Войдя в распахнутые ворота, я одновременно всё вспомнила и ничего не узнала; не узнала, несмотря на то, что внешне за три с половиной десятилетия ничто почти не изменилось - только мощеный въезд, курчавившийся ромашкой, да запущенный газон, среди которого дичали соллогубовские розы, были залиты асфальтом. В правом флигеле жил в двадцатые годы Луначарский со своею Розенелью и двумя мальчиками; в левом — художник Милиотти, сын мариниста, с женой и дочкой. В свободное от агитпропработы время Милиотти реставрировал старинные иконы, жена его, окружённая строгими византийскими ликами, варила на керосинке пшено и отруби. В полуподвале центрального здания обитала цыганка Катя с мужем шофёром, добрая глазастая Катя, шившая нам, голодраным «писательским детям», тапочки на верёвочной подошве и частенько совавшая мне, самой слабенькой и младшей из всех, то картофелину, то кусок почти настоящей лепёшки.
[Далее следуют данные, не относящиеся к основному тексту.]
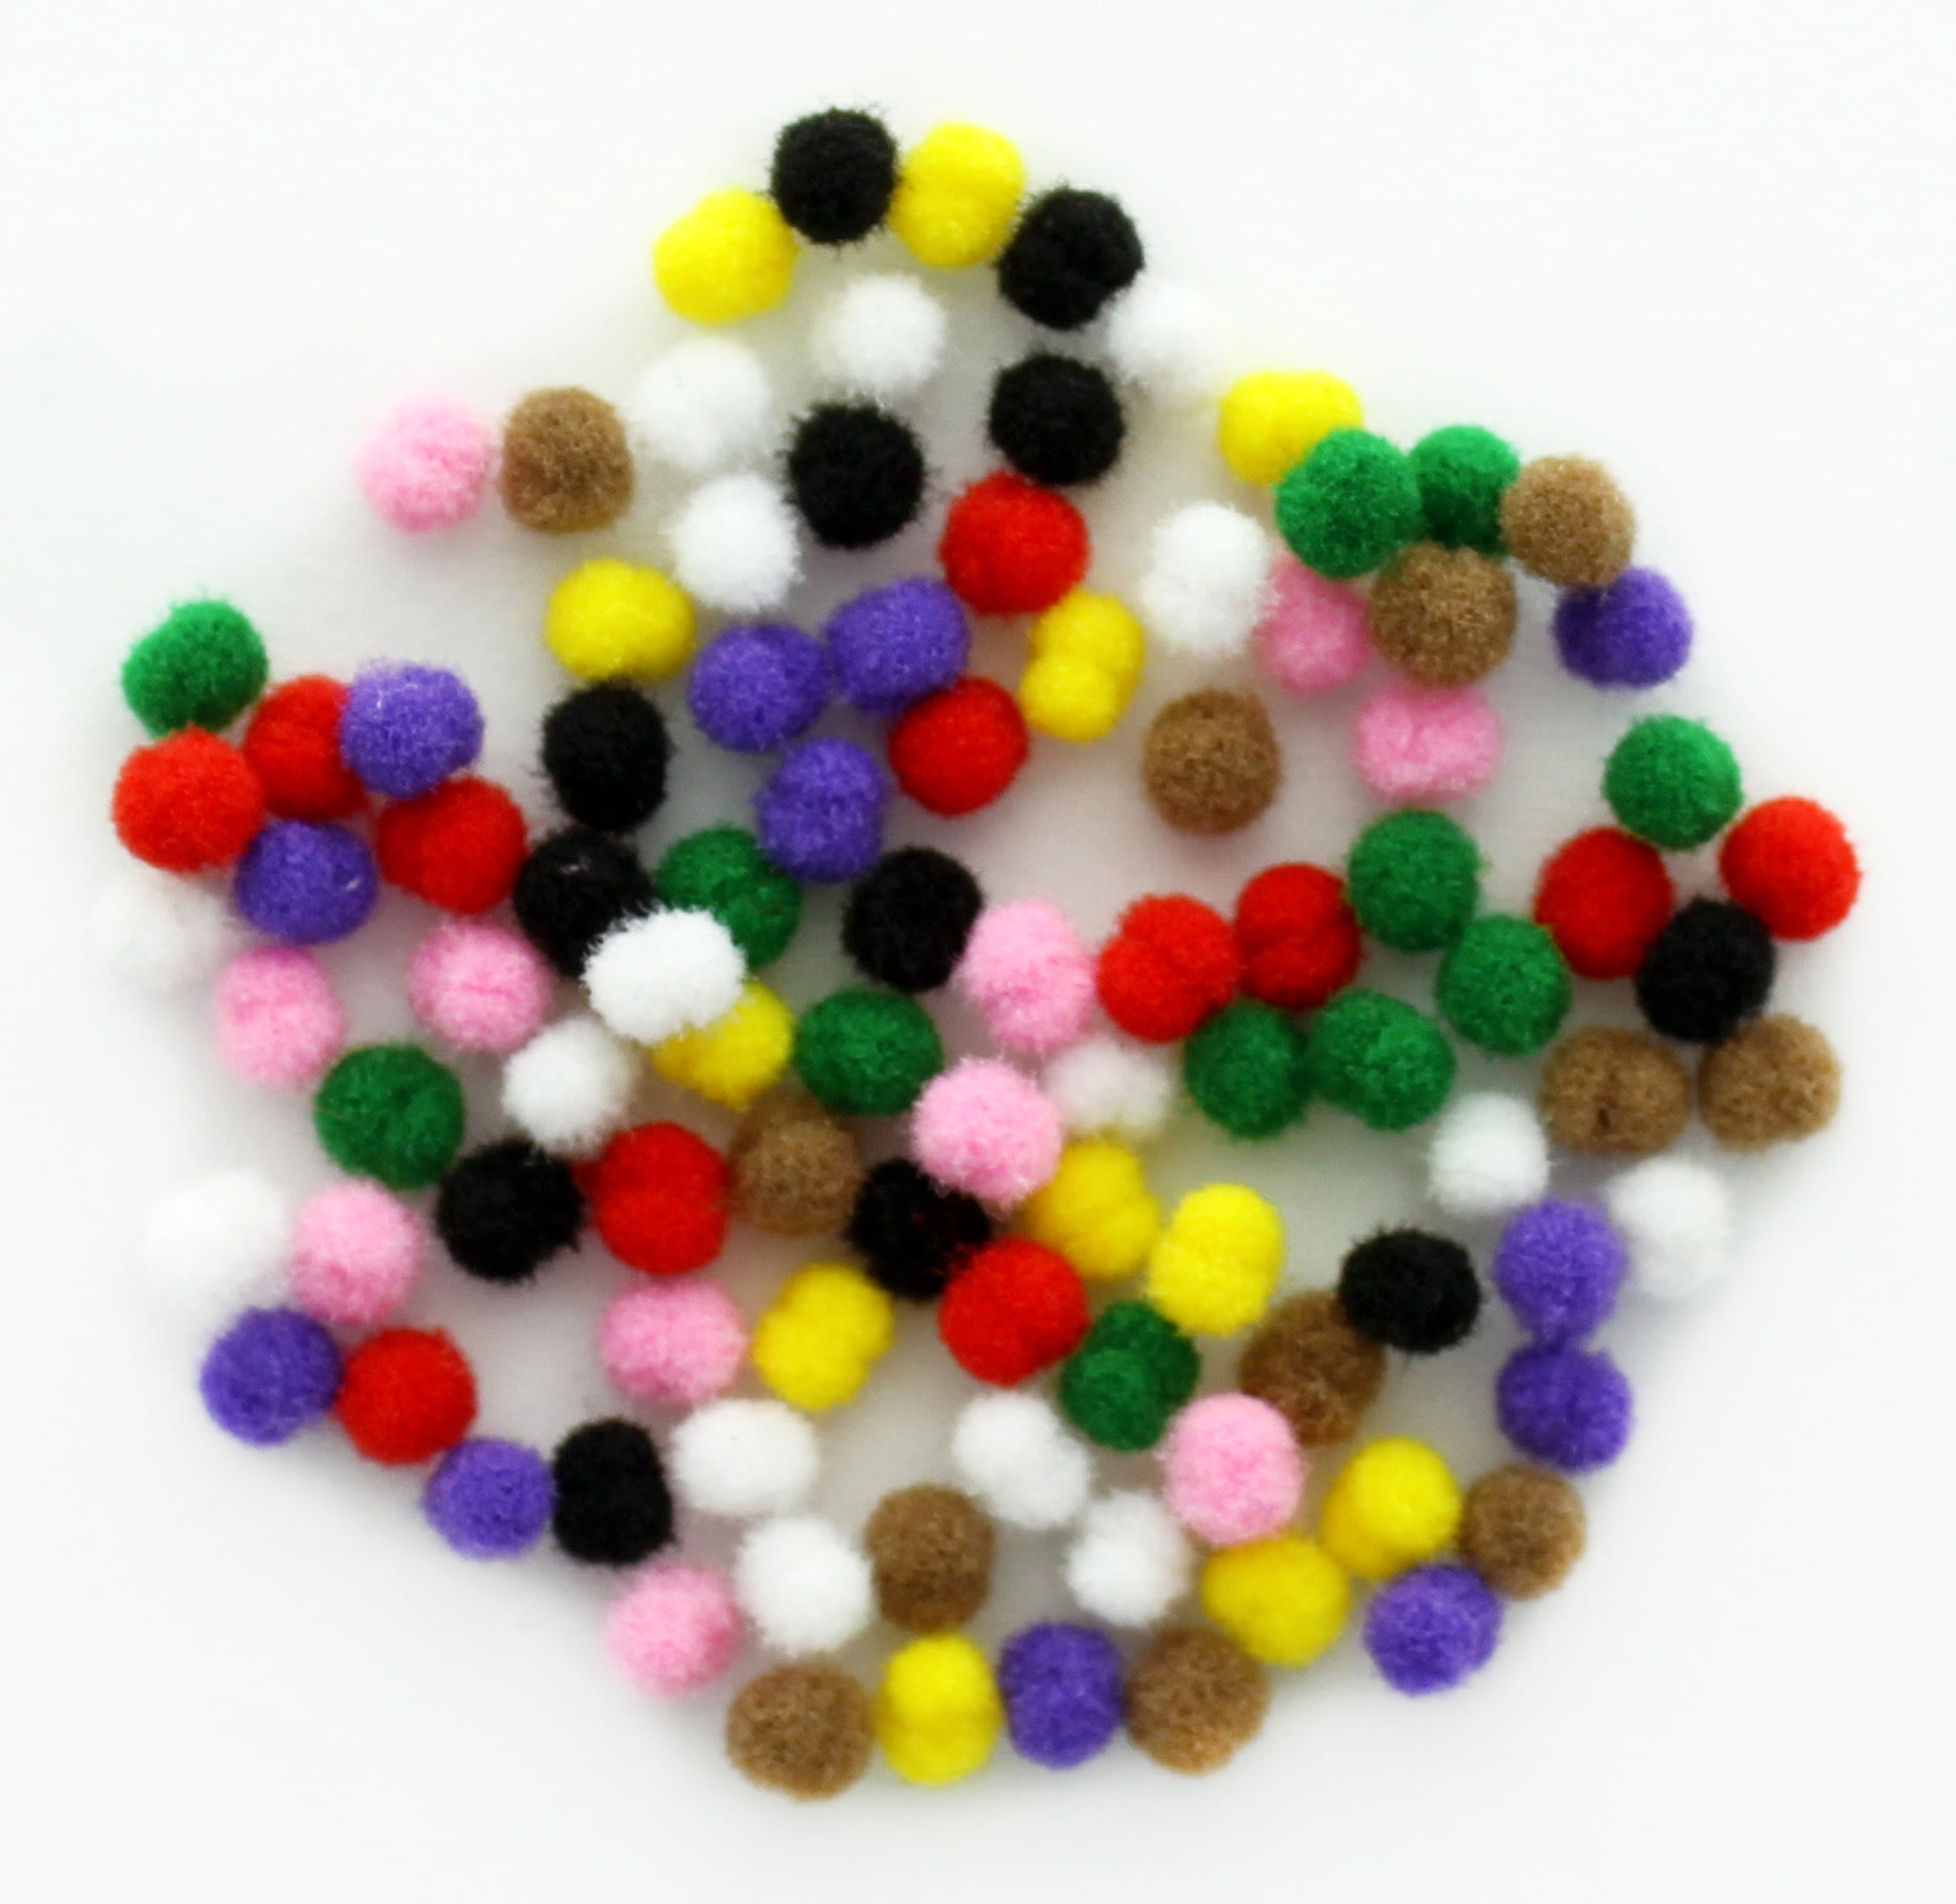 Essentials by Leisure Arts Yarn Pom Poms - Assorted Pastel - 1 to 1.5 -  20 piece pom poms arts and crafts - gray pompoms for crafts - craft pom  poms - puff balls for crafts

Там же доживала свой век слепая старушка, бывшая крепостная графов Соллогуб, толстовских Ростовых; мы, дети, и влеклись к ней, и побаивались её незрячести, её быстрых, ласково-цепких пальцев, которыми она пробегала по нашим головам и лицам: казалось, они могут защекотать до смерти... Совсем-совсем внизу, в самых недрах помещалась сказочная (сказки Перро с иллюстрациями Доре) — графская кухня — с великанской плитой, котлами, чугунами, ушатами; в кухню вели вытоптанные, корытообразные ступени. Там было очень темно, очень страшно, там стояла гулкая, знобящая тишина.